• [Work required]: Would you copy, word for word, each line from the one with "El presidente (jefe" to the end of the listing below, skipping all pictures?

• [Dataset extract]:
Segment Open

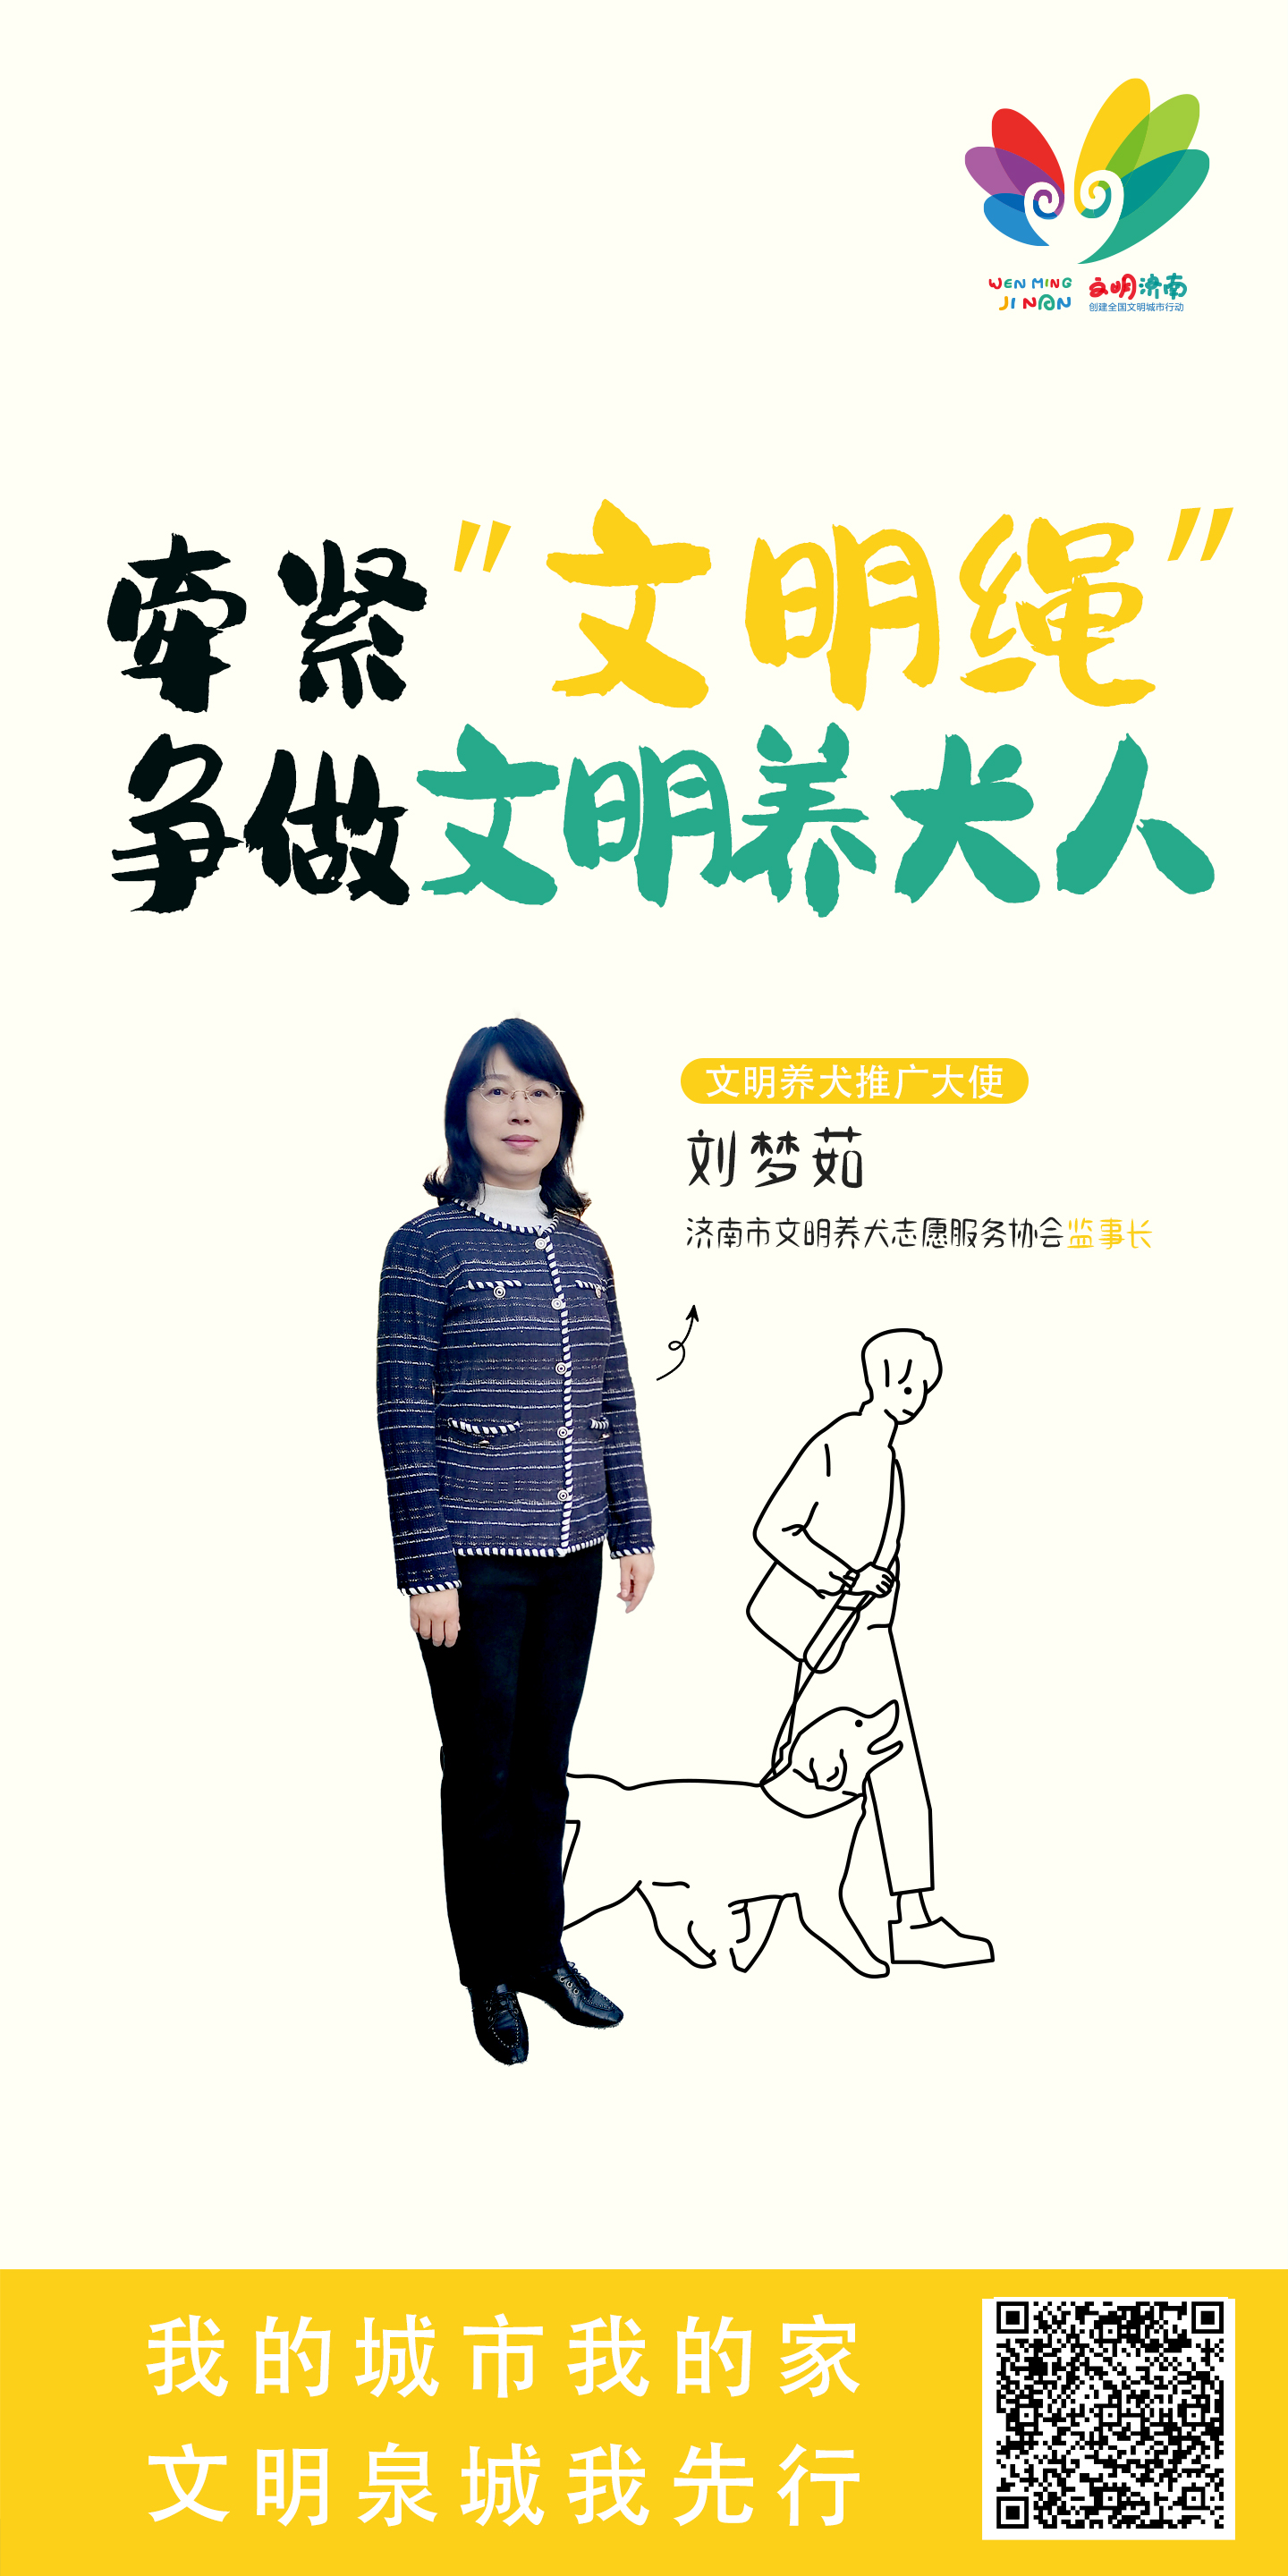 刘梦茹 “文明养犬”行动推广大使宣传公益广告
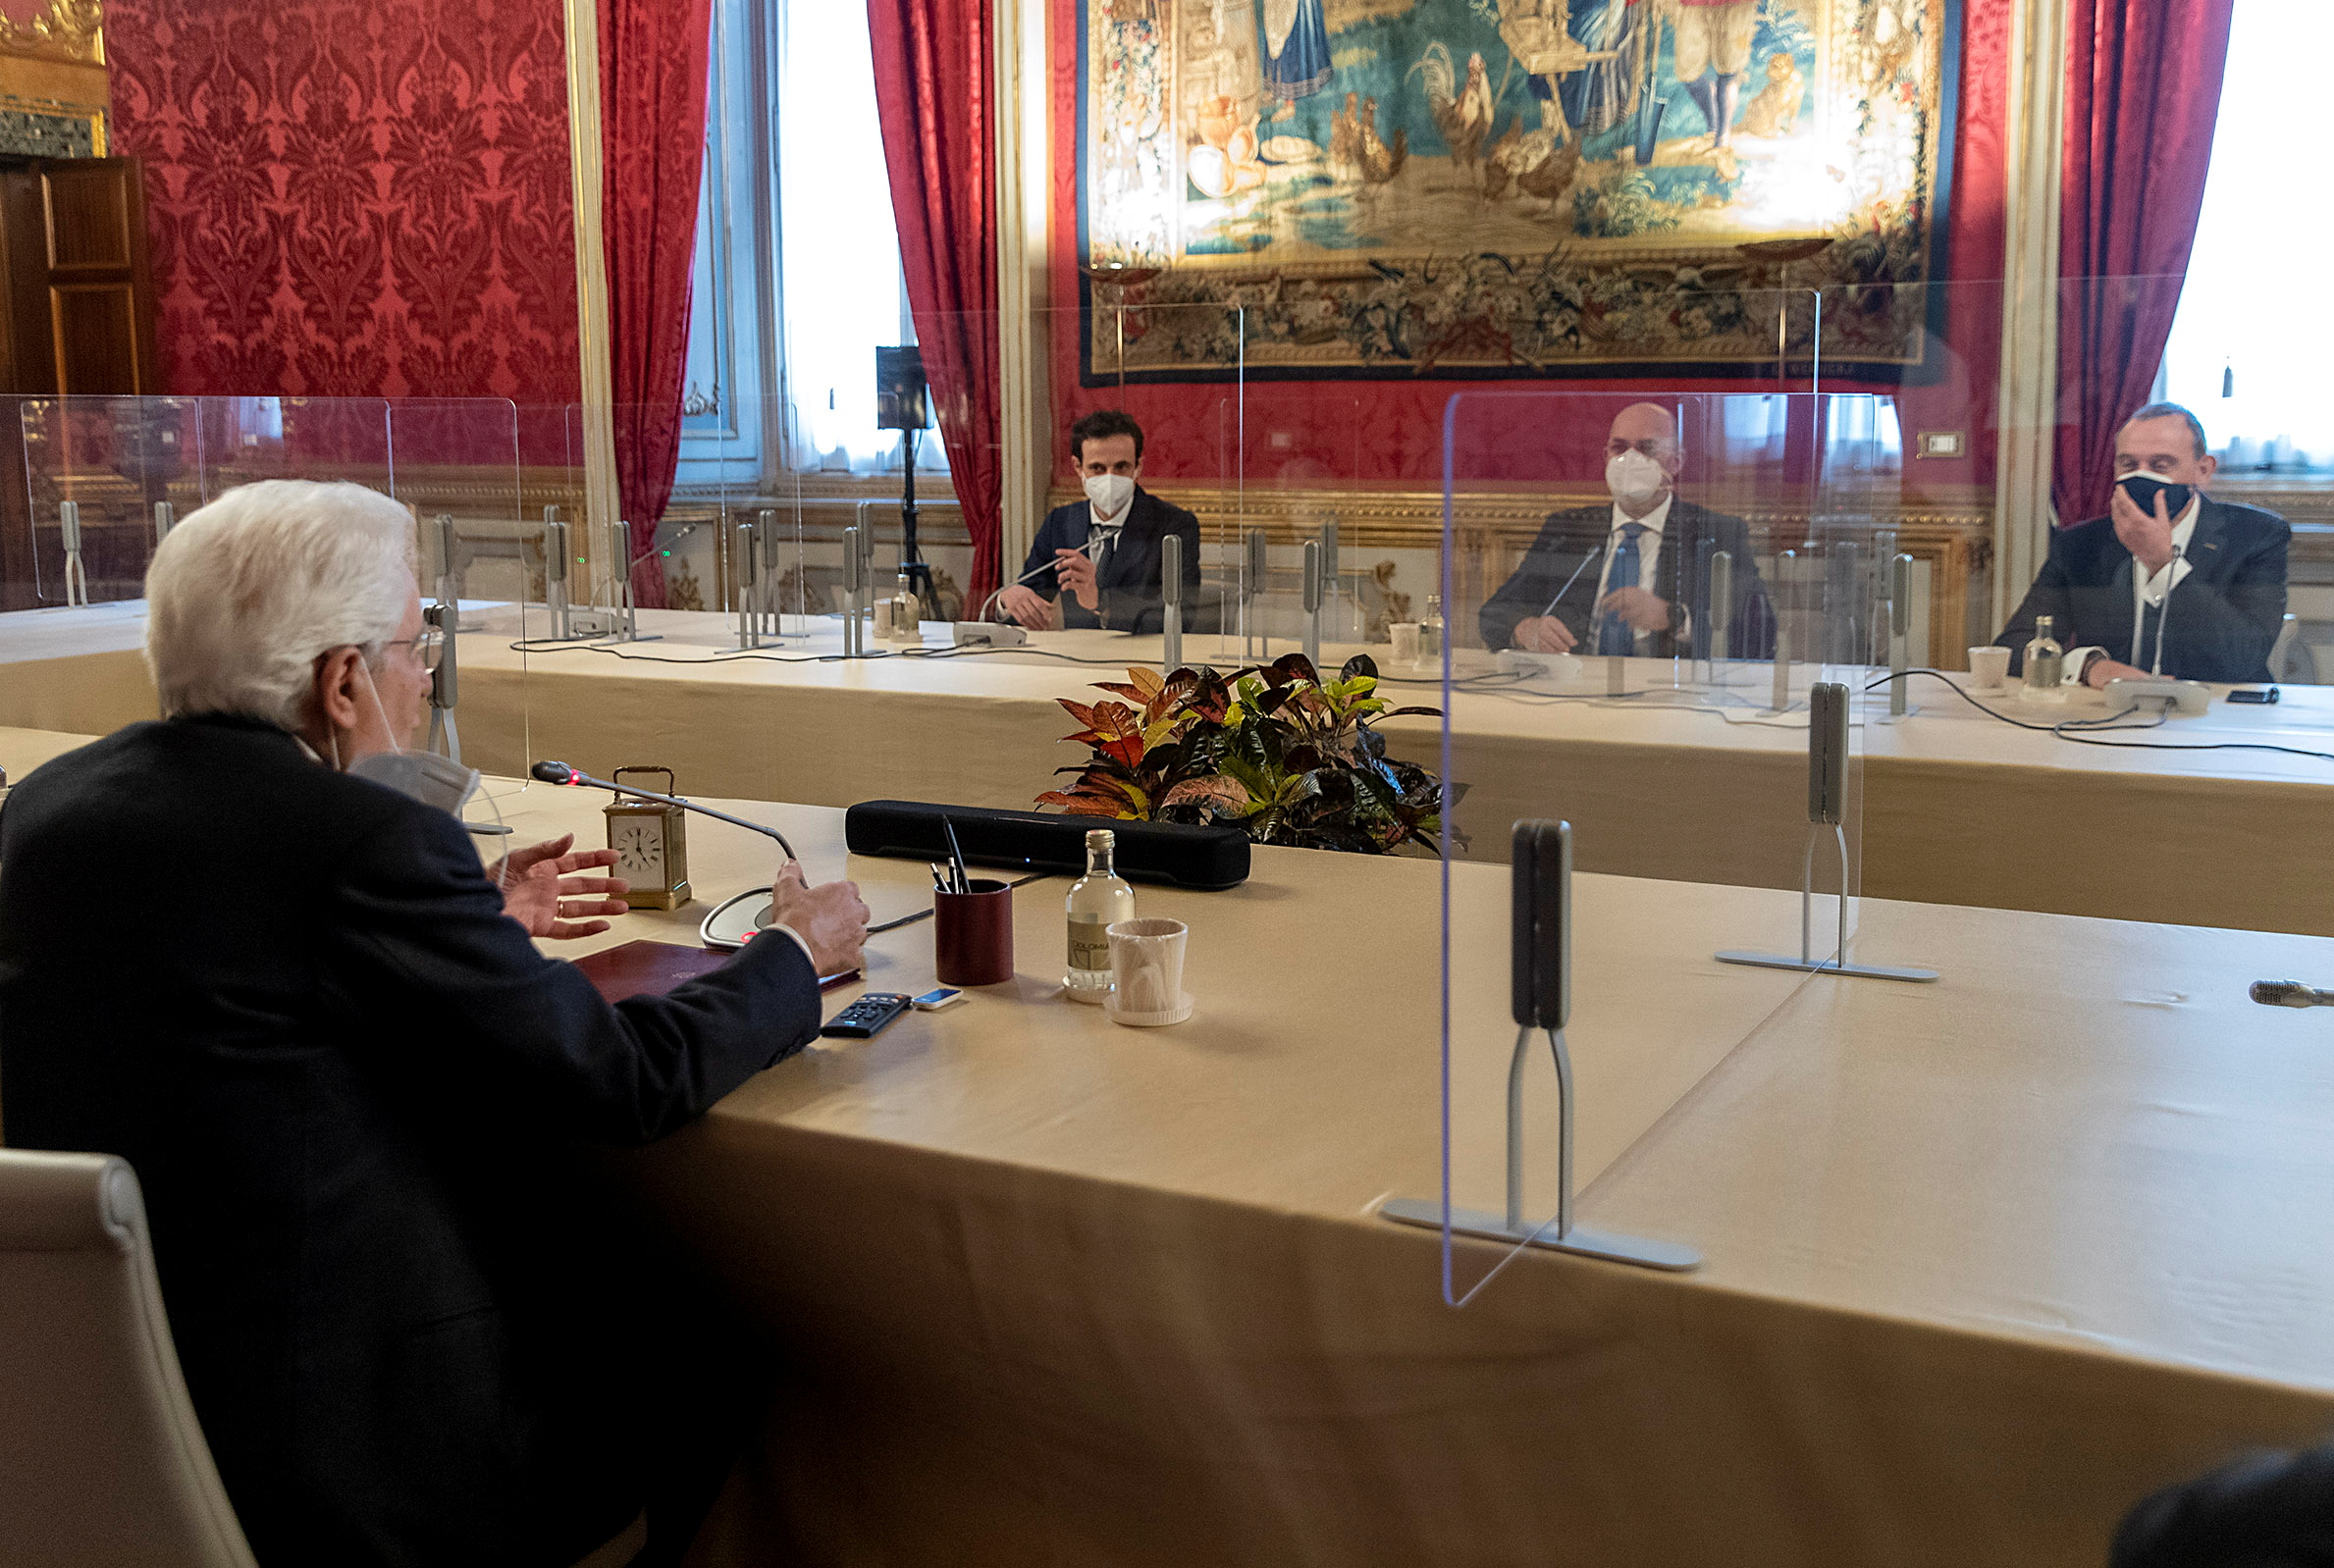 El presidente (jefe de Estado) italiano, Sergio Matarella, en una de las reuniones con las que busca formar el nuevo gobierno italiano tras la renuncia del exjefe de gobierno, Giuseppe Conte 
REUTERS 
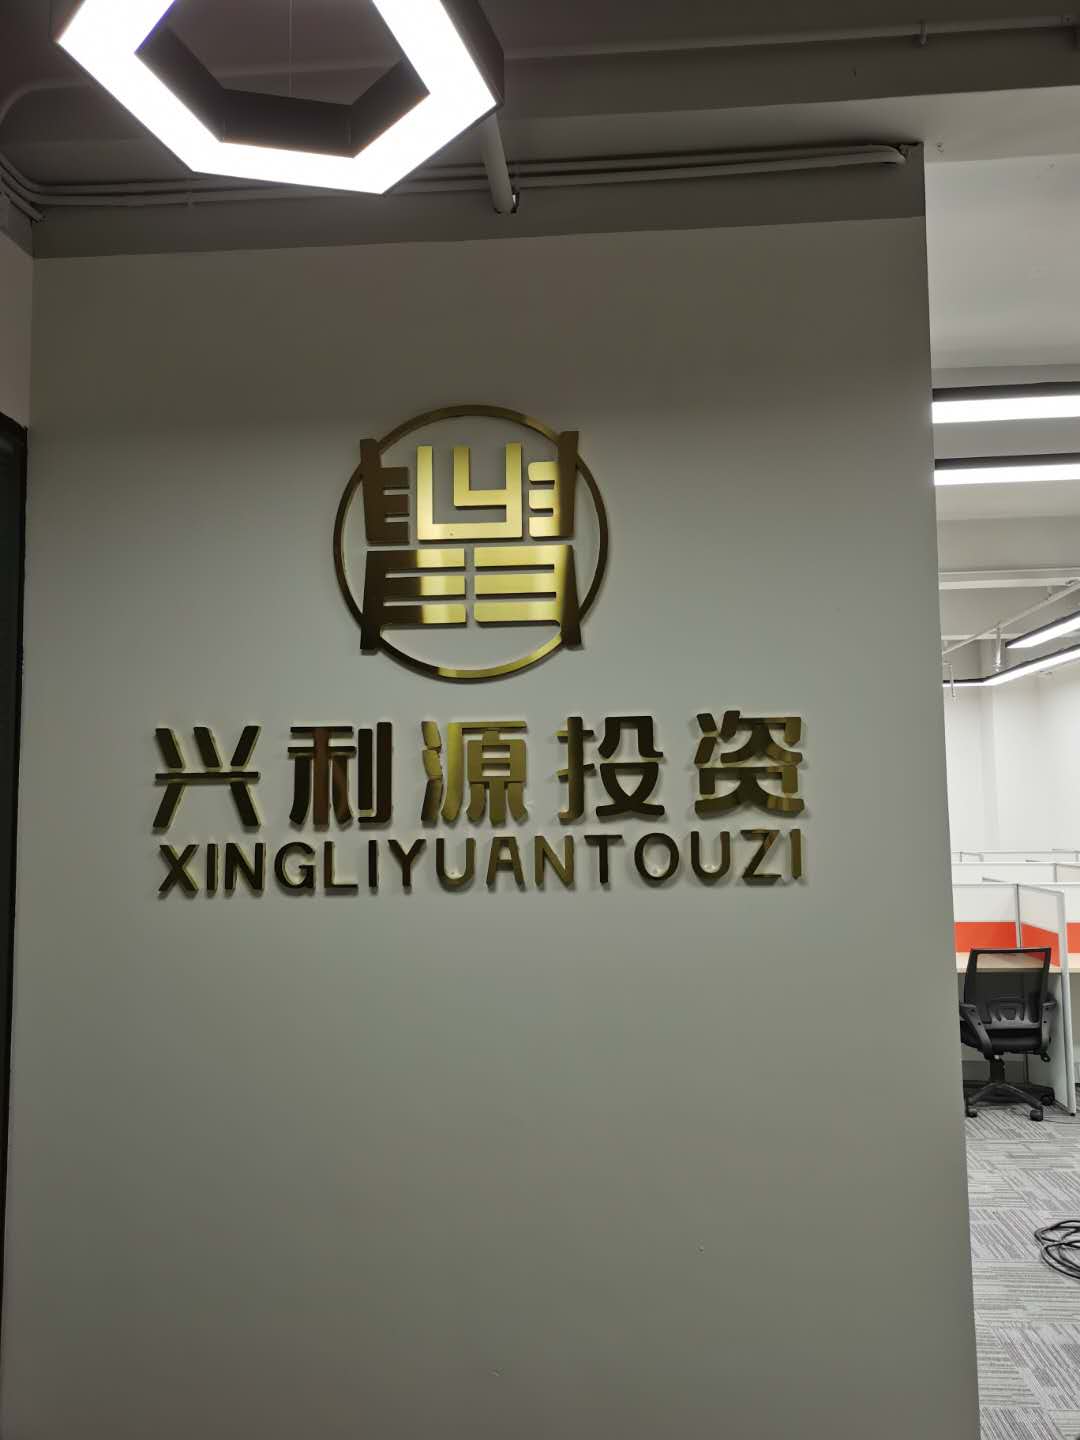 金融投资公司logo背景墙

Segment Closed

• [Task solution]:
 El presidente (jefe de Estado) italiano, Sergio Matarella, en una de las reuniones con las que busca formar el nuevo gobierno italiano tras la renuncia del exjefe de gobierno, Giuseppe Conte 
REUTERS 
 金融投资公司logo背景墙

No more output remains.